Diltiazem effect on I_to1. (A) Representative voltage-dependent I_to1 (capacitance compensated) recorded in an atrial myocyte with the voltage steps protocol shown in the inset at 0.2 Hz under control conditions (a), in the presence of 5 and 50 μM diltiazem (b, c). I_to1 was substantially inhibited by the application of diltiazem for 6 min, and the effect was recovered by the drug washout for 8 min (d). (B) Time-dependent effect of 50 μM diltiazem on I_to1 elicited by the voltage step shown in the left inset delivered every 10 s in a typical experiment. I_to1 measured was peak to ‘quasi'-steady-state level. The original I_to1 traces at corresponding time points are shown in the right inset of the panel.
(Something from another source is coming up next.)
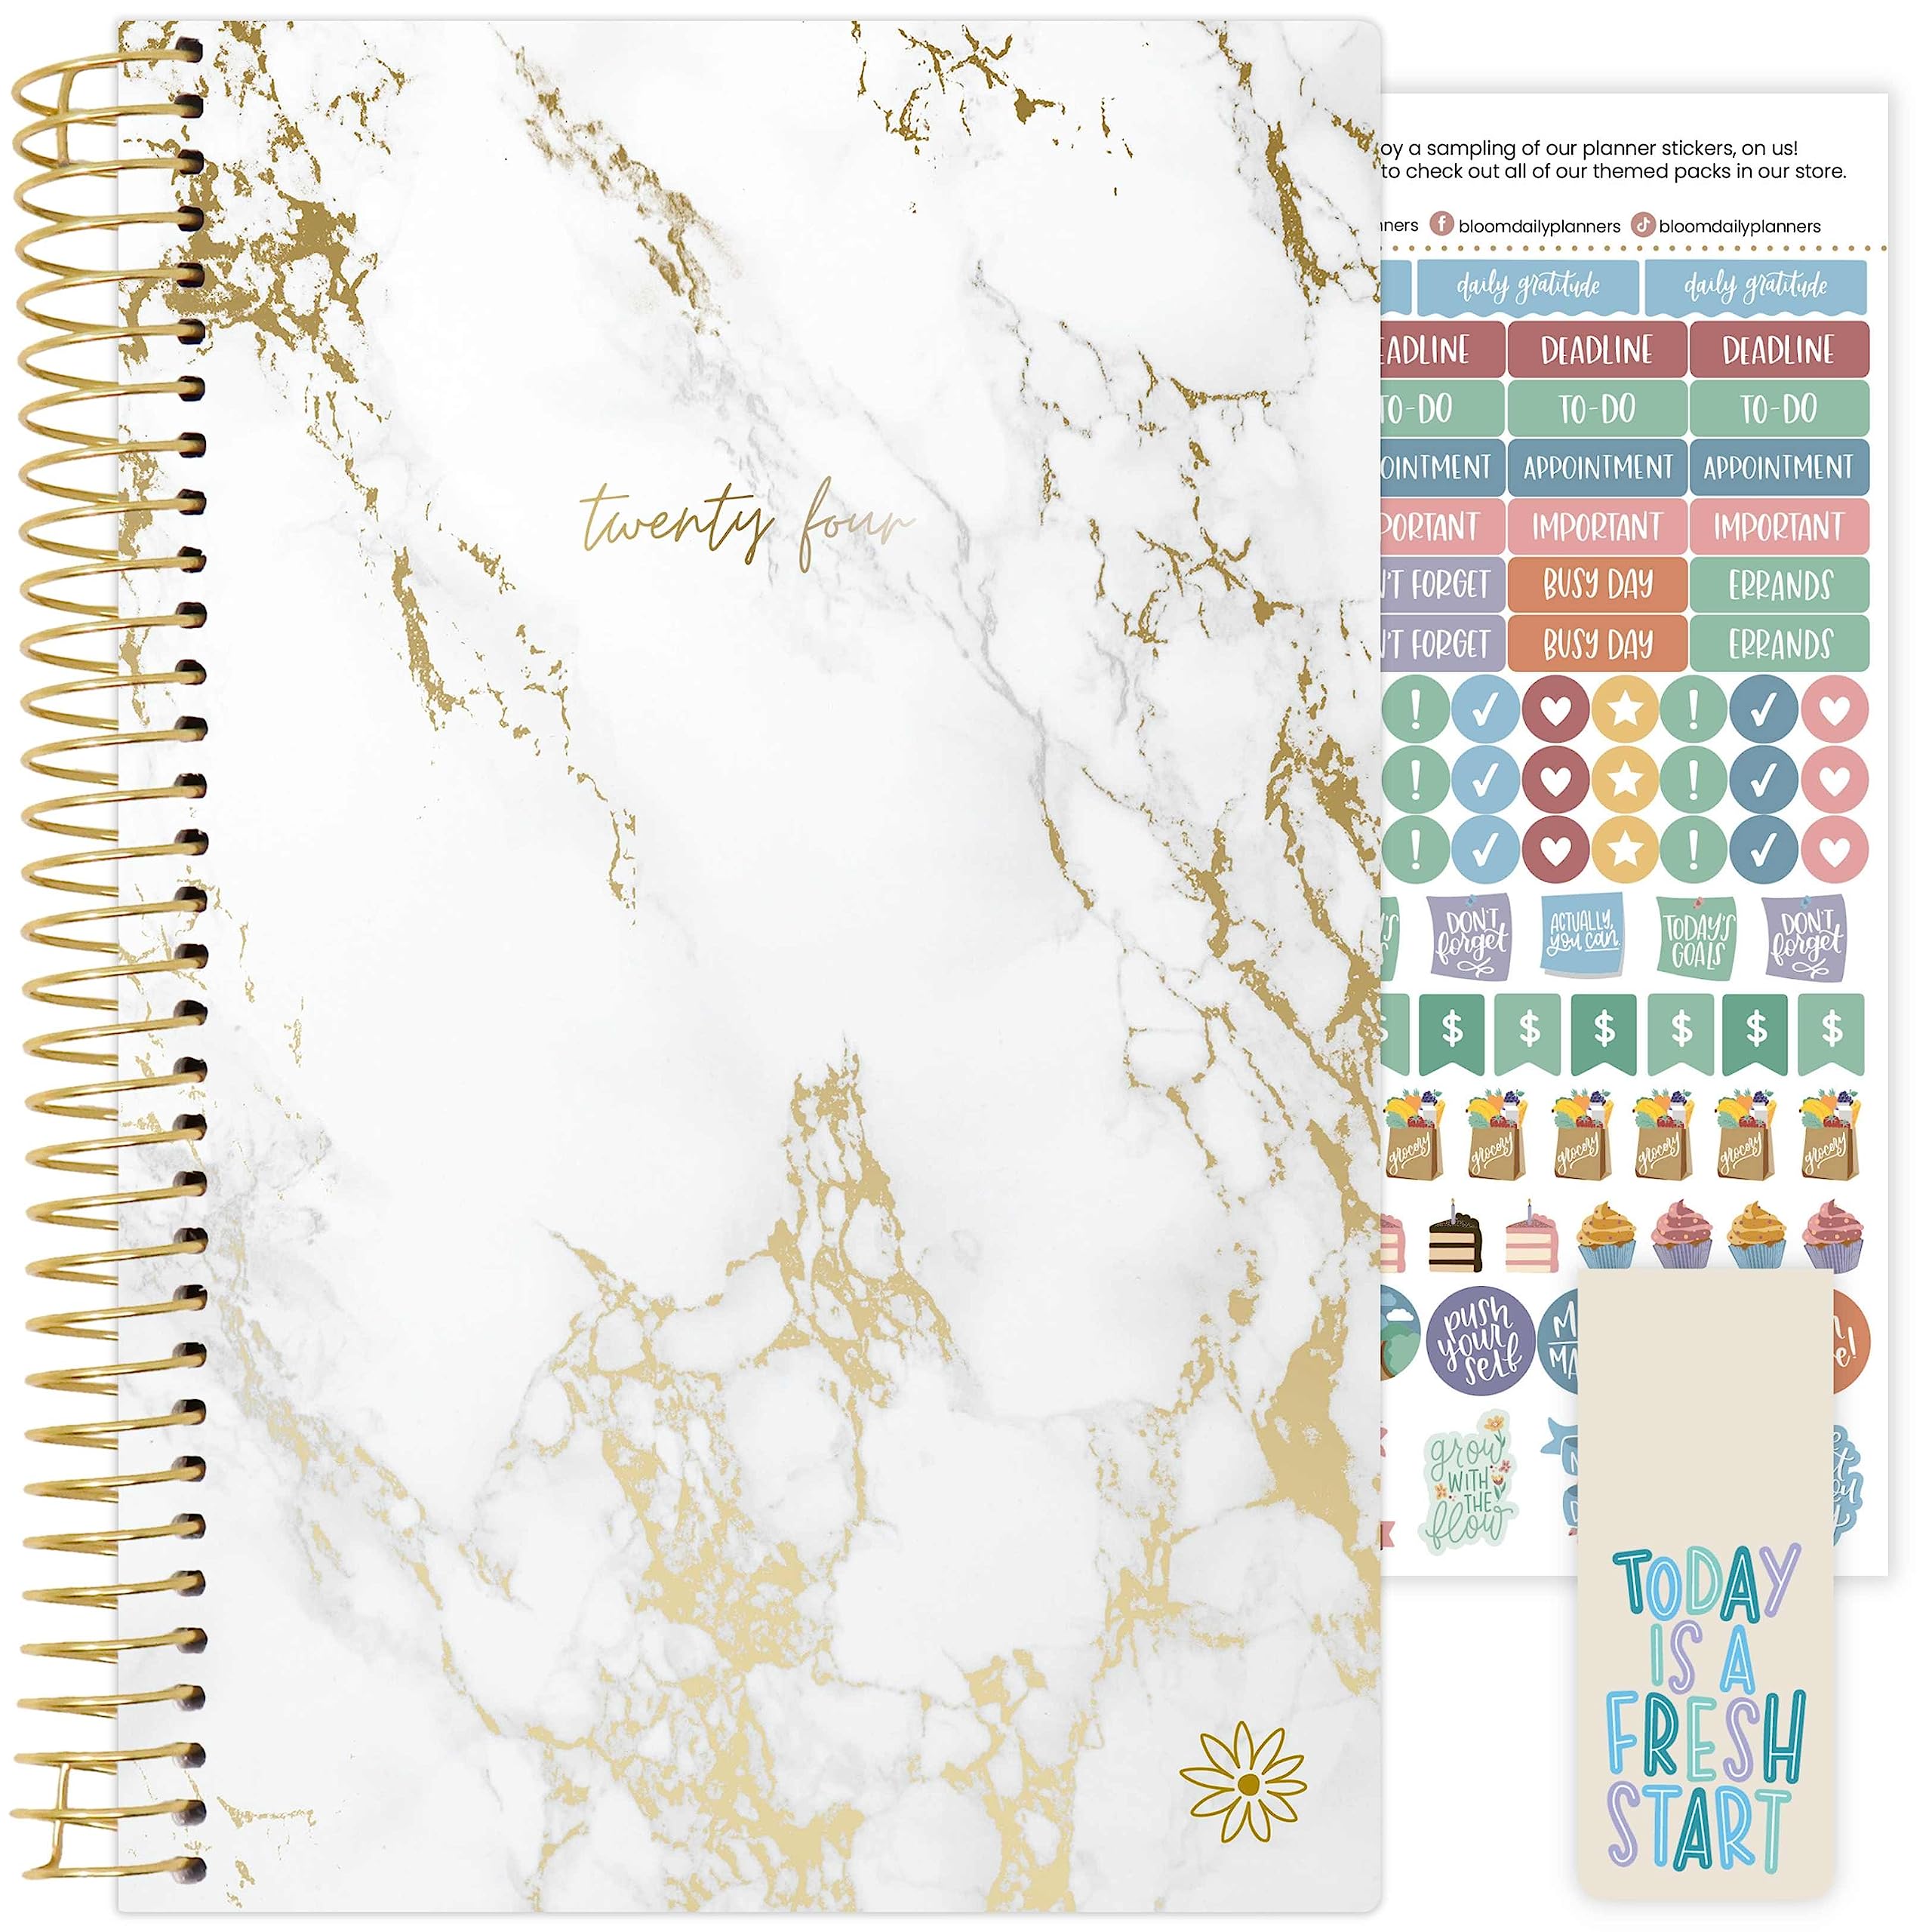 bloom daily planners 2024 Calendar Year Day Planner (January 2024 - December 2024) - 5.5” x 8.25” - Weekly/Monthly Agenda Organizer Book with Stickers & Bookmark - Marble

Results from Figure 1 indicate that the sustained current (i.e. I_Kur) is also suppressed when I_to1 is inhibited by diltiazem. It would be relatively accurate in evaluating the diltiazem effect on I_to1 if a selective I_Kur inhibitor is available to separate I_to1. It was reported that 4-AP selectively inhibited I_Kur at low concentrations (50 μM, about 50% inhibition) (Wang et al., 1993; Li et al., 1996b), but higher concentrations of 4-AP (>50 μM) also suppressed I_to1 significantly (authors' unpublished observation). Therefore, 4-AP would not be an ideal compound to separate I_to1. We have recently found that verapamil inhibits I_Kur (IC₅₀=3.2 μM) without reducing I_to1 amplitude, while it induces an increase of measured I_to1 in human atrial myocytes (Gao et al., 2004). Therefore, verapamil was used to separate I_to1 as described in the following. We felt that the use of verapamil to limit the possible contamination of I_Kur would not affect drug action on I_to1.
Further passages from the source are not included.